# (nearly) all apps require Internet?



## geko29 (Dec 23, 2008)

So the wife has been loving her Fire since Christmas, until this past week, when we went on vacation.  On the flight home, she could do basically nothing with it.  She tried launching 40+ apps, and every single one threw the error "This app requires internet access", even though most of them were single-player games that clearly do not.  Literally the only app that launched successfully was Gallery (a picture/movie viewer), but as she didn't have any movies loaded, that was useless.

So she put it away and read the seat-pocket magazine.  Based on this experience, I'm ready to bin the Fire in favor of the rumored 7" iPad, which I know from copious experience works just fine even when there's no internet.  Anybody else seen this?


----------



## geko29 (Dec 23, 2008)

Found an answer of sorts on the Amazon boards.  Apparently, free apps require internet at all times in order to download new ads--heaven forbid we get stale ads once in a while.  Paid apps must call the Amazon app store every 30 days (max, can be set lower by the developer) to get a new token, or they stop working.  If that happens to be while you're off-grid, you're SOL.  It sounds like using the sync function in the settings menu grabs a new token for all your apps, so doing that right before going on a trip will make them work for a while.

Not insurmountable, but a bit of an annoyance to have to remember pre-departure, that hasn't been a problem on our 6 iOS or 2 Android devices.


----------



## Annalog (Dec 28, 2008)

Many of the apps I use on my fire, including many free ones, do not require Internet access at all times. I frequently use my Fire where I do not have WiFi. If an app requires Internet access to be used, I tend to not use it. However, if it only requires the Internet for an occasional "phone home," then that works out fine for me.

The suggestion to sync before being away from WiFi for a while is a good one.

Some of the game apps I use have threads on this board and do not require Internet to be able to play. Two are Villagers vs Vampire - Our first game is on Amazon! and [Free Game] Fifteen Puzzle X 0.12 (Sliding Tile Puzzle ). The free version of Villagers vs Vampire does check for ads on occasion but if the Internet is not available, it posts a message between levels but the game continues.

One of the criteria that I used in choosing a free diet and exercise tracking app was that I could use it without Internet access. One reason I wanted the app was to not have to remember or write down what I ate in order to enter later. Most of the free apps I tried either required the Internet to be available all the time or were missing important features I wanted (such as the ability to enter my own foods). LoseIt! worked for me because it keeps the data on the Fire as well as online; the two sync when possible.

I appreciate apps that do not require me to have the Internet available at all times in order to be able to use the app.


----------



## bullbitz (Aug 13, 2012)

I'm a developer, and yes unfortunately 95% of apps needs internet access. here is why.

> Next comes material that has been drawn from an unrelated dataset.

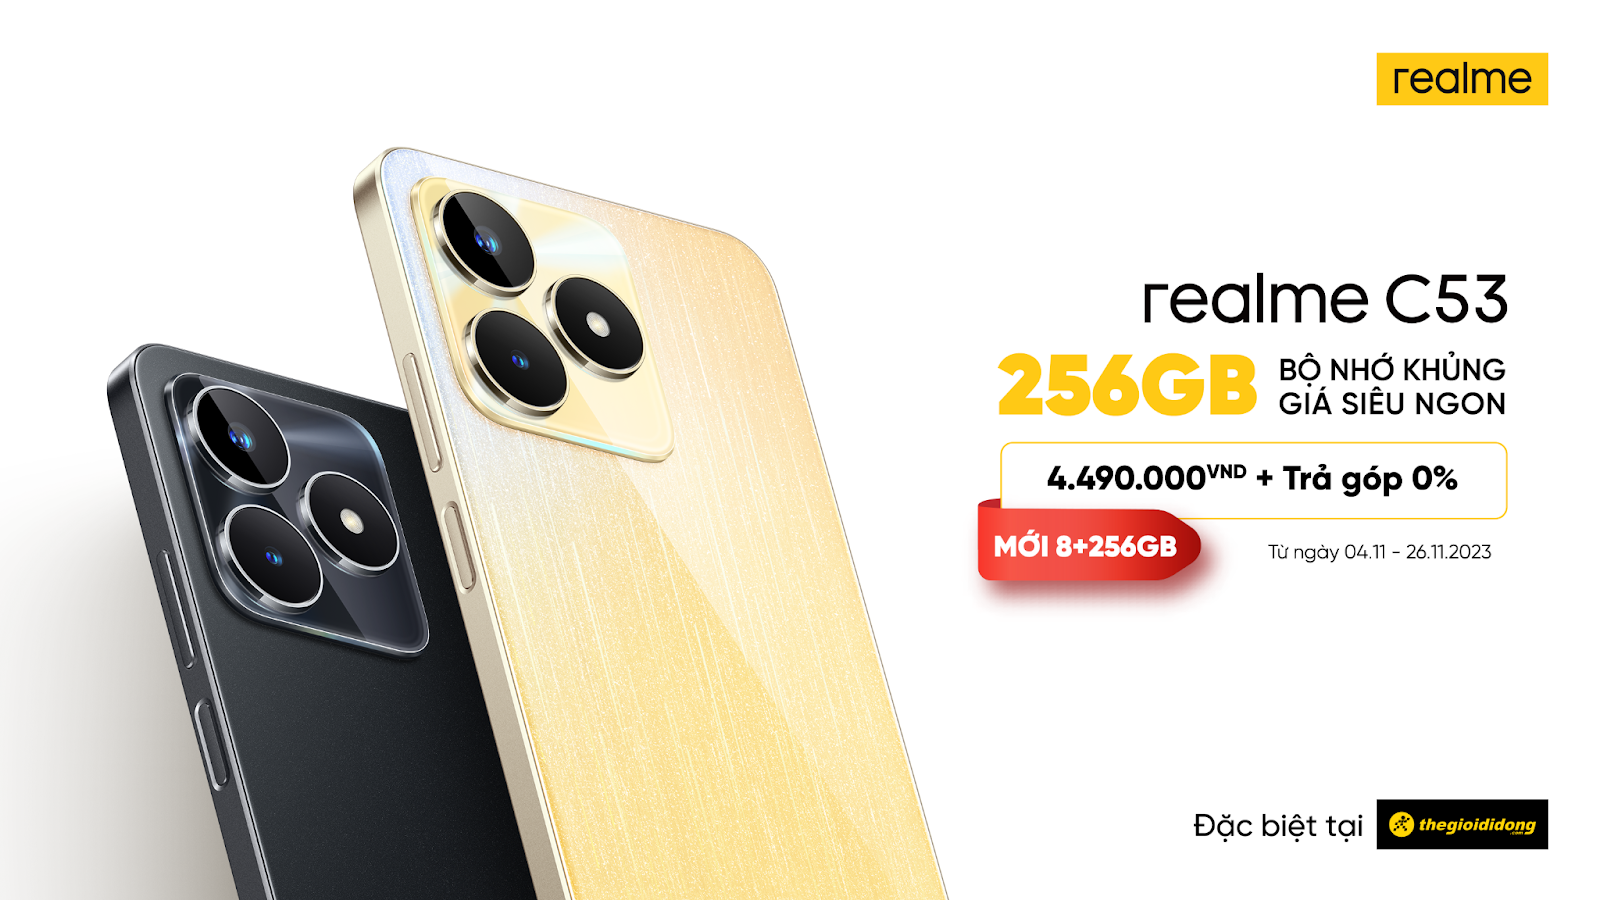 Realme c53 8+256gb sẽ được bán với giá 4. 490. 000 đồng tại thế giới di động từ ngày 4-26/11/2023

most app thrives on being rated especially if the developer thinks that his App has a good potential
and needs to be rated.

users have two options to rate the app.
1. user goes to the amazon or which ever app store and finds the app and rate it.
  * this is cumbersome to users ( not very convenient )

2. developers embed the rate link inside the app.
  * this needs internet access, but is convenient for the customer to have a ready link
     straight to the app store's app page.



* now for best practice for developers,
  app should only connect if there is internet access, otherwise the app should prompt that "internet is required" and continue
  with the game flow.

  i only connect to the internet, once this link is pressed, or
  only when facebook or twitter icons are clicked., this way the app does not crash, 

* if some apps crashes and needs internet access, maybe the app is not checking for internet connection, and always presumes
  the internet is available, the app continues believing internet is available and will crash due to errors.


----------